Weekly Commentary (10/27/25) – Major Indices Jumped to Record Highs Last Week

NDS Wealth Advisors |

Markets surged to record highs last week, driven by cooling inflation and strong corporate earnings. 
           
For the week, the DJIA gained 2.24% while the S&P 500 moved higher by 1.93%.  The tech-heavy Nasdaq advanced by 2.31%.  International markets joined the party and moved higher as well. For the week, the MSCI EAFE Index (developed countries) finished ahead by 1.25% while emerging market equities (MSCI EM) closed up 2.05%.   Small company stocks, represented by the Russell 2000, moved materially higher as the index shot up 2.51.  Fixed income, represented by the Bloomberg Aggregate, added 0.17% for the week. As a result, the 10 YR US Treasury closed at a yield of 4.02% (unchanged from the previous week’s closing yield of ~4.02%).  Gold prices closed at $4,118.40/oz – down 1.71% as the U.S. dollar index rose by 0.51%. Oil prices jumped higher to close at $61.50 per barrel, up 7.61% on the week after the U.S. blacklisted Russia’s biggest oil companies and cut off Russian revenue for the war.  

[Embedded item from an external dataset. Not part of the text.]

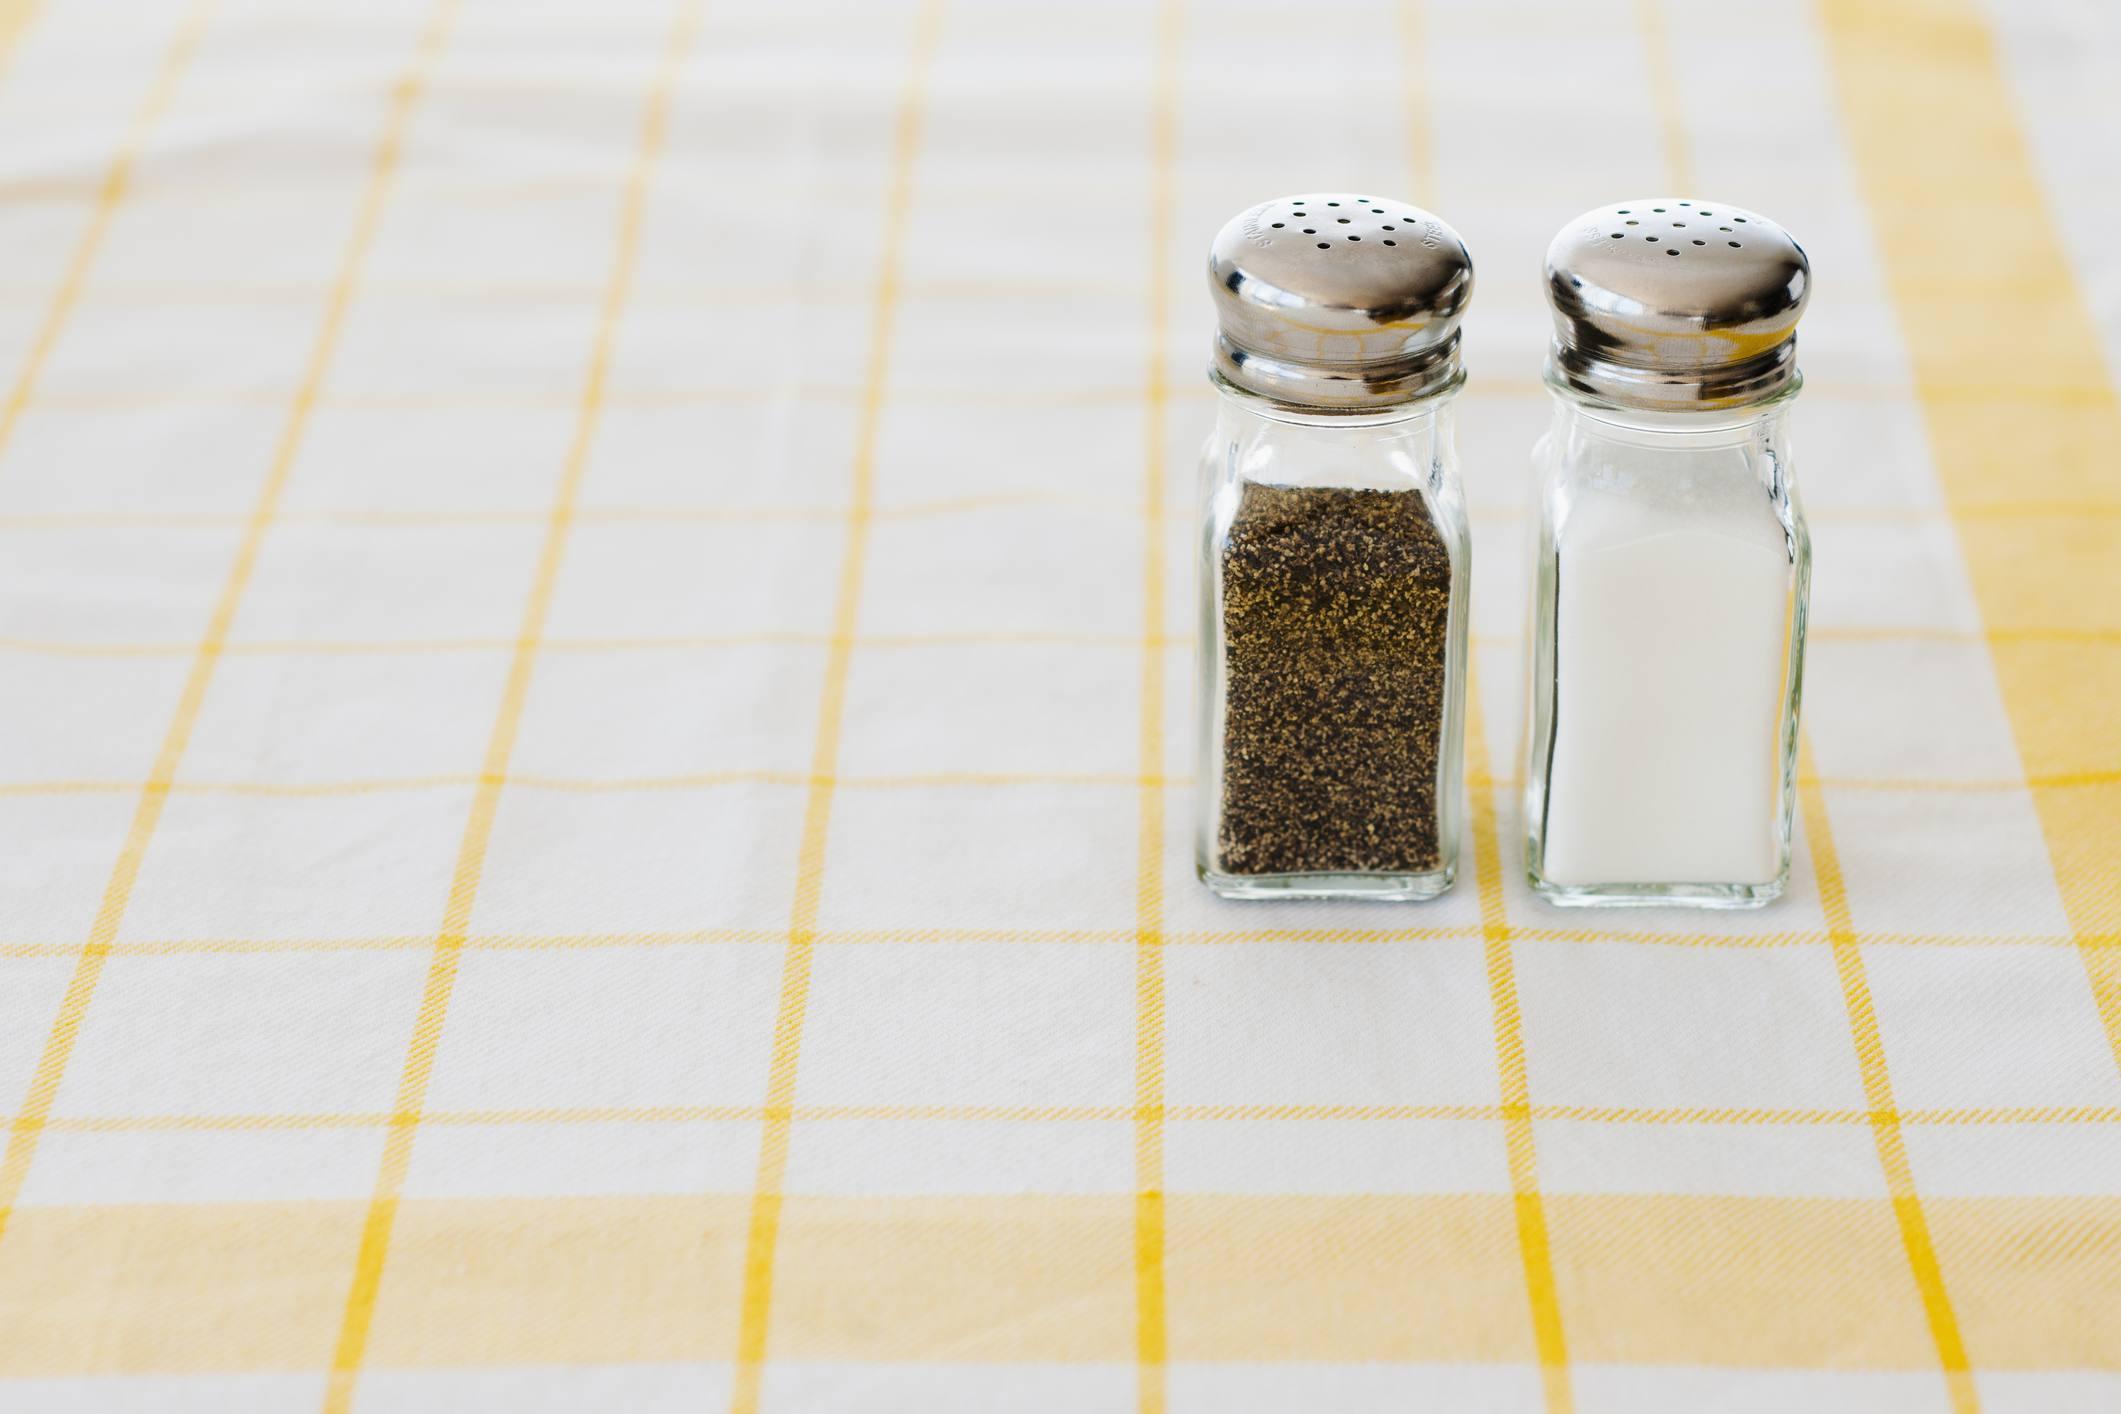 Pre-ground pepper and salt

Last week saw Services and Manufacturing PMIs both inch higher.  The Manufacturing PMI rose to 53.3 (a 2-month high) while the Services PMI rose to 55.2 (a 3-month high).  Consumer Sentiment pulled back slightly to 53.6 from the expected 54.5 (no surprise given the government shutdown).  The big news last week came on Friday as September CPI headline and core inflation came in at 3.0% y/y, less than the expected 3.1% level.

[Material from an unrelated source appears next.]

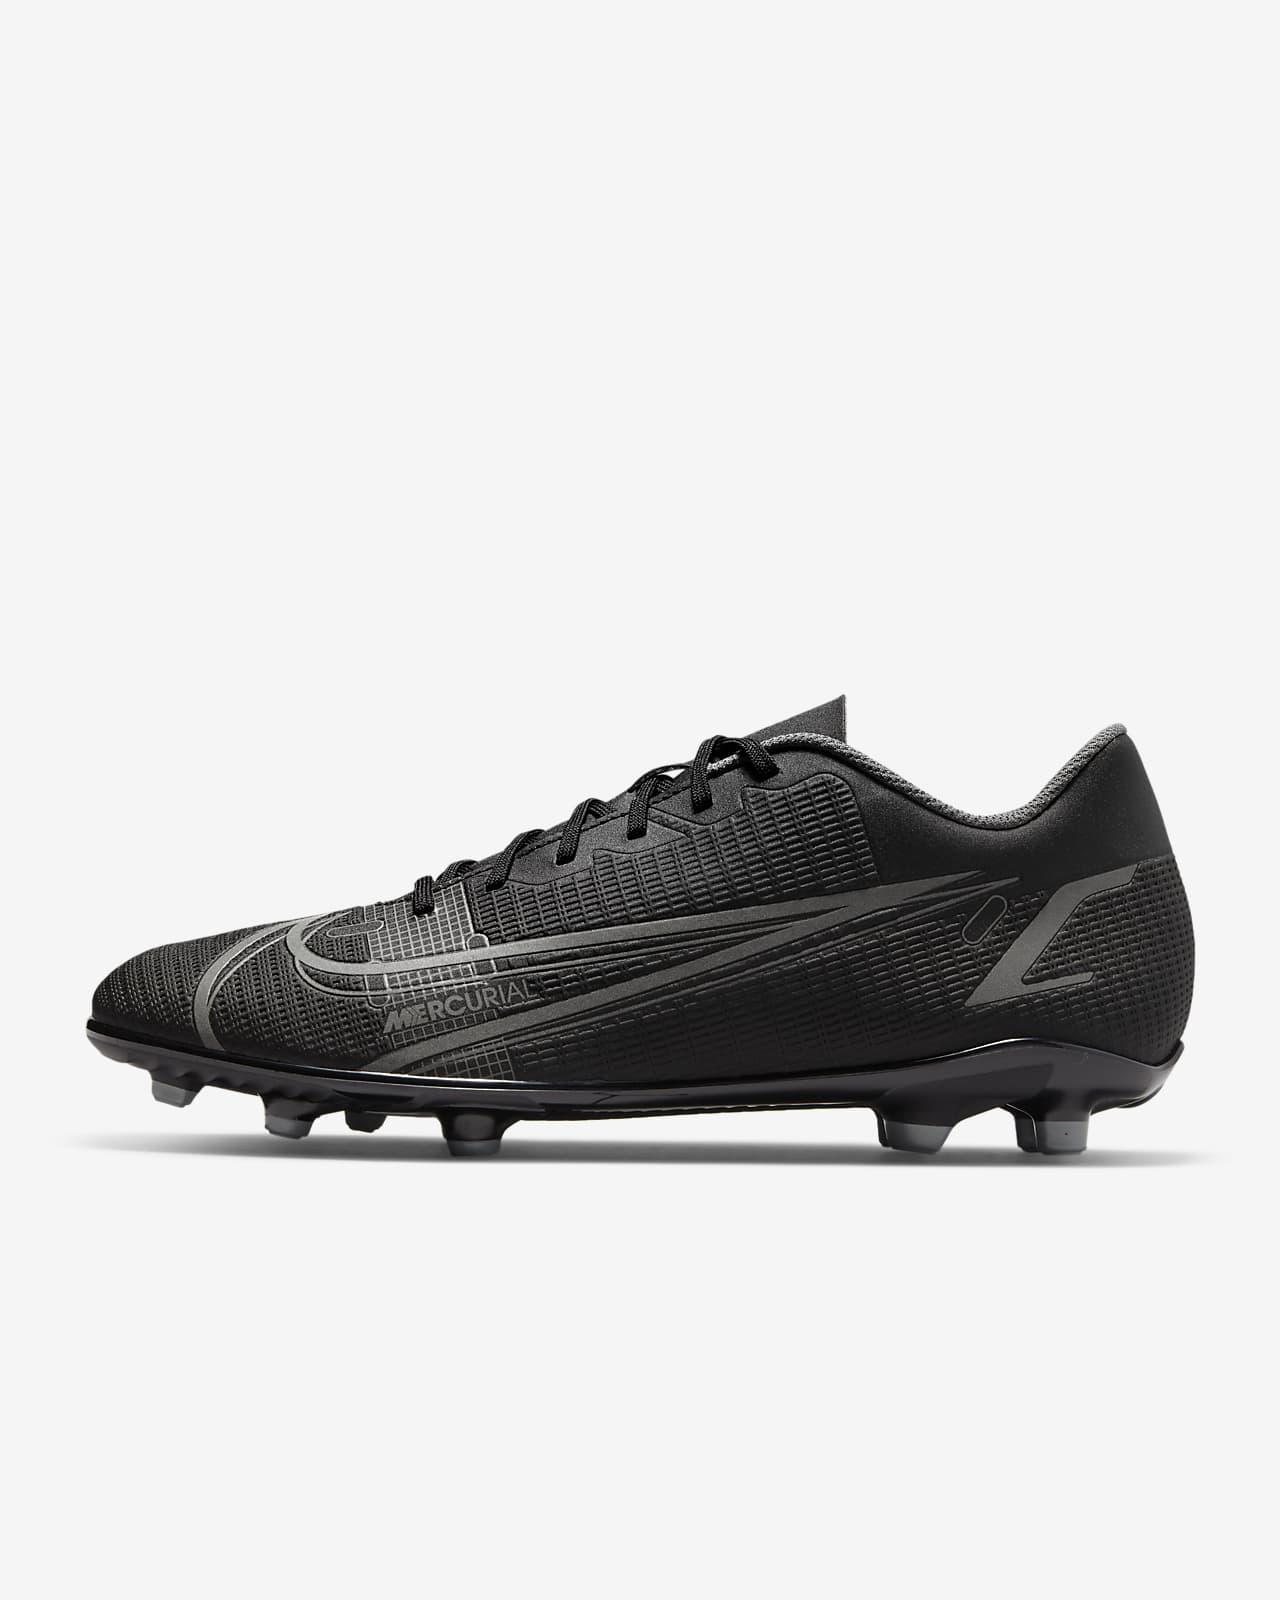 Nike Mercurial Vapor 14 Club FG/MG Multi-Ground Soccer Cleat

The most pertinent economic news items in the week ahead will be the FOMC meeting on Wednesday when the Fed will likely cut rates 25bps; the release of Q3 GDP on Thursday that should give some insights into economic growth; and, on Friday, the release of U.S. Personal Income and Spending for September, the Chicago PMI for October and the Q3 Employment Cost Index.  Lastly, this week is the busiest week for third quarter earnings releases as over 150 S&P 500 companies report.  Earnings reports will most likely set the tone for the markets for the next few weeks.  Of course, the government shutdown continues, and the economy and markets will begin to feel the effects of so many federal workers missing paychecks (along with key economic data releases being disrupted).

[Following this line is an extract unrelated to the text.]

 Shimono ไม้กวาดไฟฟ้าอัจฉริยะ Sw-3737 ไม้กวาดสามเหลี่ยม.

Momentum continues for the economy and the market.  Enjoy the ride, but don’t be surprised to see a short-term pause or pullback.  That said, seasonality is still favorable into year-end. Investors should not make material changes to their portfolios due to concerns about the government shutdown or geopolitical events … the markets will adapt as they always do.  We urge investors to trim overweight positions and to stick close to long-term asset allocation targets.